Soft skills such as communication, collaboration, and creativity are also invaluable. This is an ever-evolving field so endless intellectual curiosity, too. 

Q: Is There a Demand for Data Scientists?

A: Yes, absolutely. Businesses are starving for rockstar data scientists. Using data in novel, unexpected, and impactful ways benefits both the company and the end customer. 

In fact, data-driven firms are 23 times more likely to attract new clients and by 2021, they will boost their profits by a healthy $1.8 trillion!

Safe to say that a data scientist is a huge asset to any company. 

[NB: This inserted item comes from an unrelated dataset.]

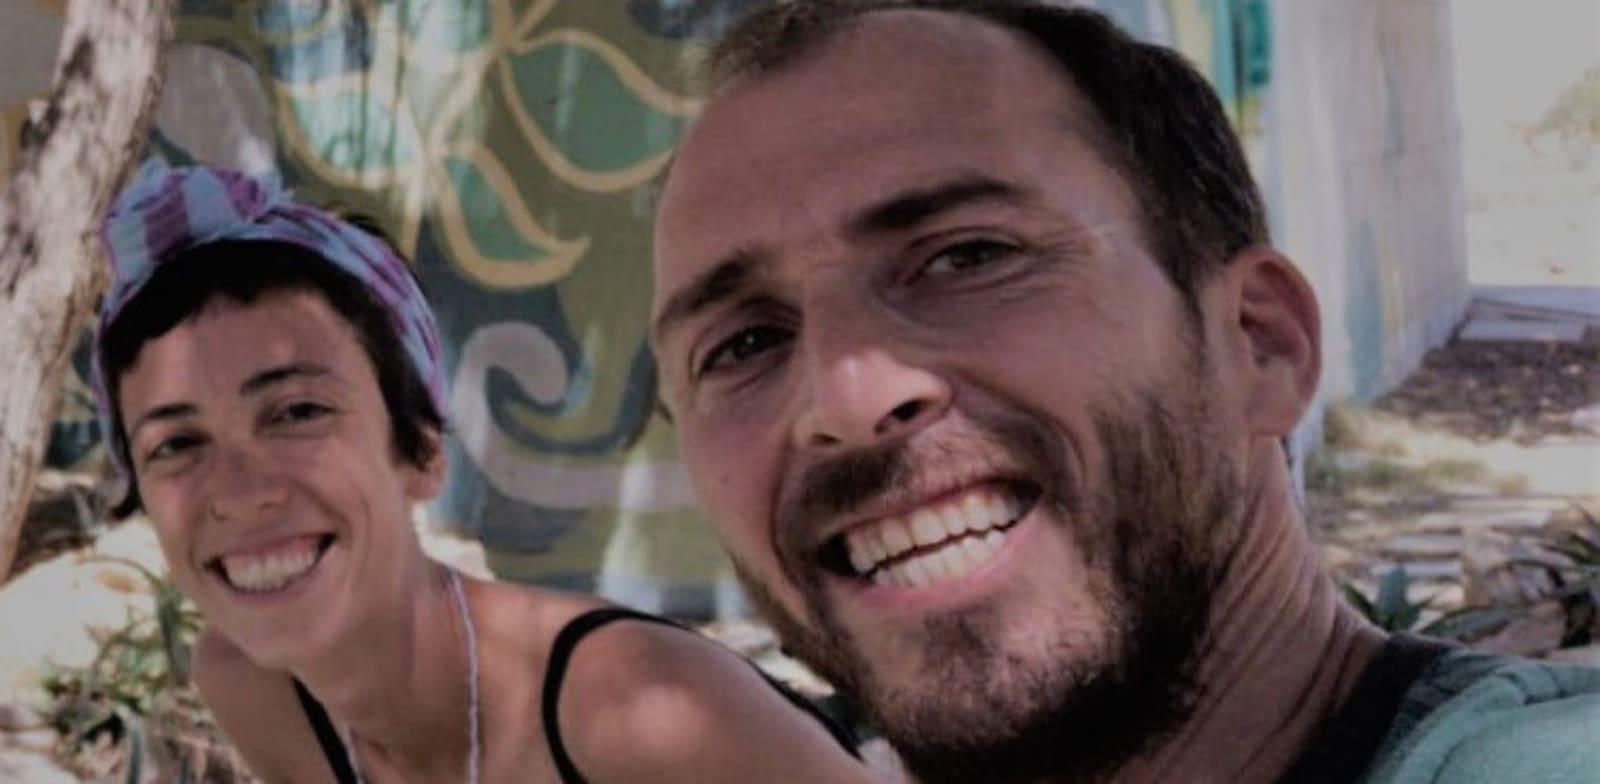 אייל אלכסנדר ושיר אמיר, מדריכי סיורים במצפה רמון / צילום: תמונה פרטית

Q: How Do I Get a Job in Data Science?

A: Start with a B.S. in an analytical field. The exact bachelor’s doesn’t matter as much as the coursework itself. Make sure you have some background in the following: 

  • Statistics and probability 
  • Mathematics (calculus, linear algebra)
  • Programming and IT (coding with Python and being fluent in SQL)

Further your skills through self-study – the Professional Certificate in Data Science by HarvardX is just one of the high-quality online courses available. 

Apply for an internship to get hands-on experience and mentorship from actual people in the field. 

Consider getting a M.S. or even Ph.D. if you want to work in cutting-edge fields like AI and deep learning. 

Q: What Can I Do With a Data Science Degree?

A: Data science is not a degree you can get at the B.S. level, but M.S. and Ph.D. programs will open doors to jobs at the forefront of the tech revolution. You can work on Artificial Intelligence and machine learning, as well as go into academia. With this advanced education, virtually all data scientist jobs will be an option for you.